The Red Cross relief effort was able to raise a staggering half a billion dollars following the devastating 2010 earthquake in Haiti that turned neighborhoods to rubble. The donations were above and beyond what was expected.
The Red Cross launched the campaign to fund project LAMIKA, which was tasked with building hundreds of permanent homes. Five years later only six homes have been built. So where has it all gone?
NPR and ProPublica began digging to see where the $500 million in funds disappeared to and what they found was dismal. A confidential Red Cross memo from program Director Judith St. Fort says “Serious program delays caused by internal issues go undressed. [Programs] are severely delayed apparently due to lack of staff and training procurement and HR.” She writes that the lack of leadership has caused “poor morale” among Haitian workers with many key employees resigning.
The memo goes on to say that senior managers disparaged the Haitian employees and implied that they were not talented or intelligent enough to handle the work.
The ProPublica investigation found that project spending was severely mismanaged. The Red Cross first took a cut of the charity money for its own administrative costs and then hired other groups to do the work. Each group that was hired took extra money to cover their overhead costs as well. The charity refuses to provide a list of specific programs it ran, so it is difficult to see exactly where money was spent.

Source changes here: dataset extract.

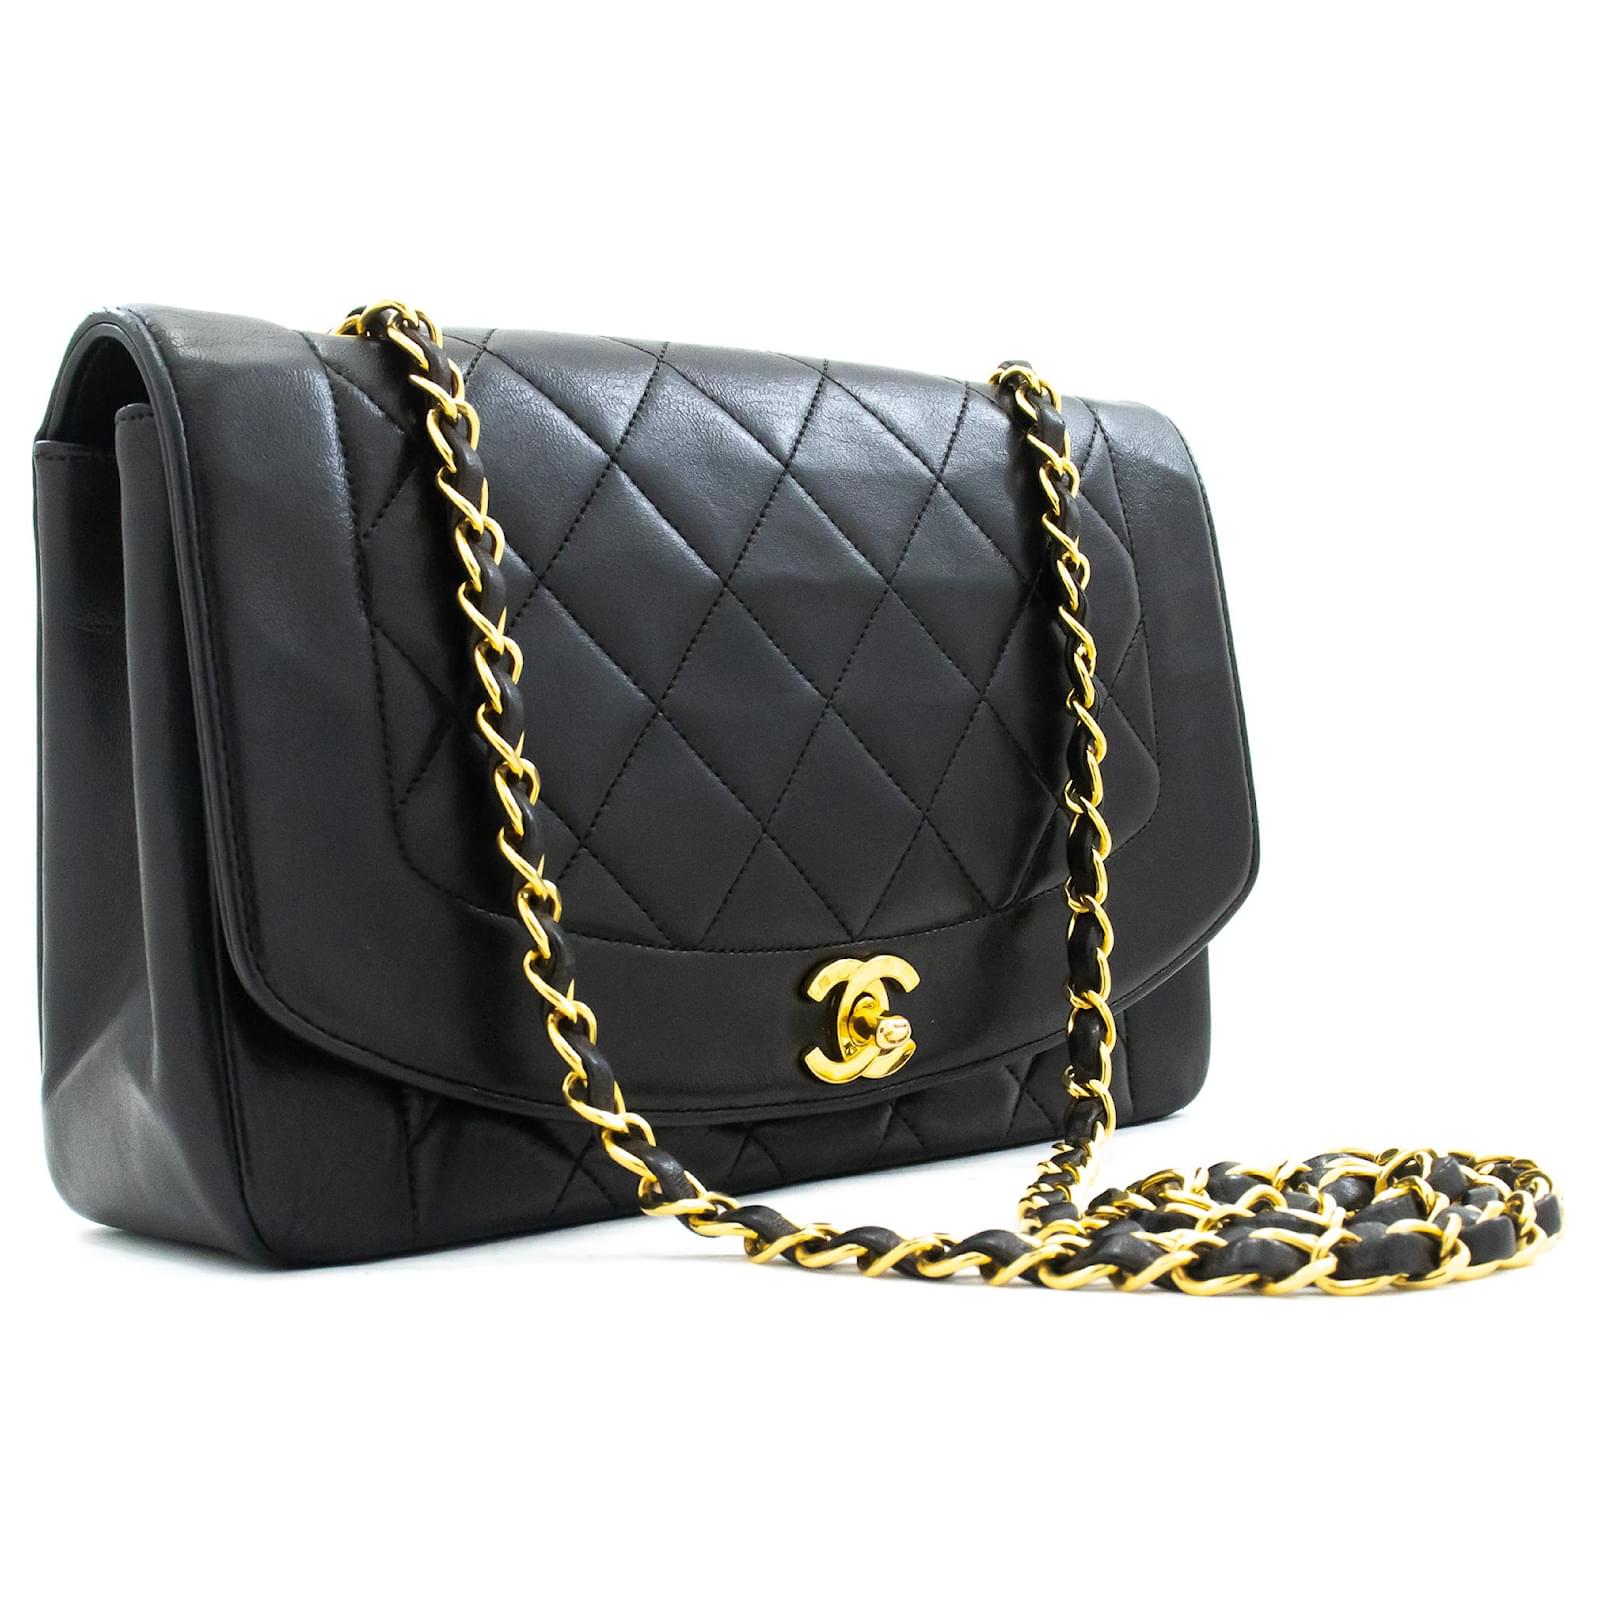 Chanel Diana Bag Complete Guide sizes materials prices  more  Luxe  Front

In places where staffing problems, administrative fees and other groups skimming off the top were not a problem, the issue was blatant mismanagement. According to NPR: "The review also found that officials spent some of the money teaching residents to wash their hands with soap and water. The reviewers then note that the residents do not have access to either soap or water.”
Haiti still has a long road to recovery and it is unfortunate that the Red Cross couldn’t do more to help pave it.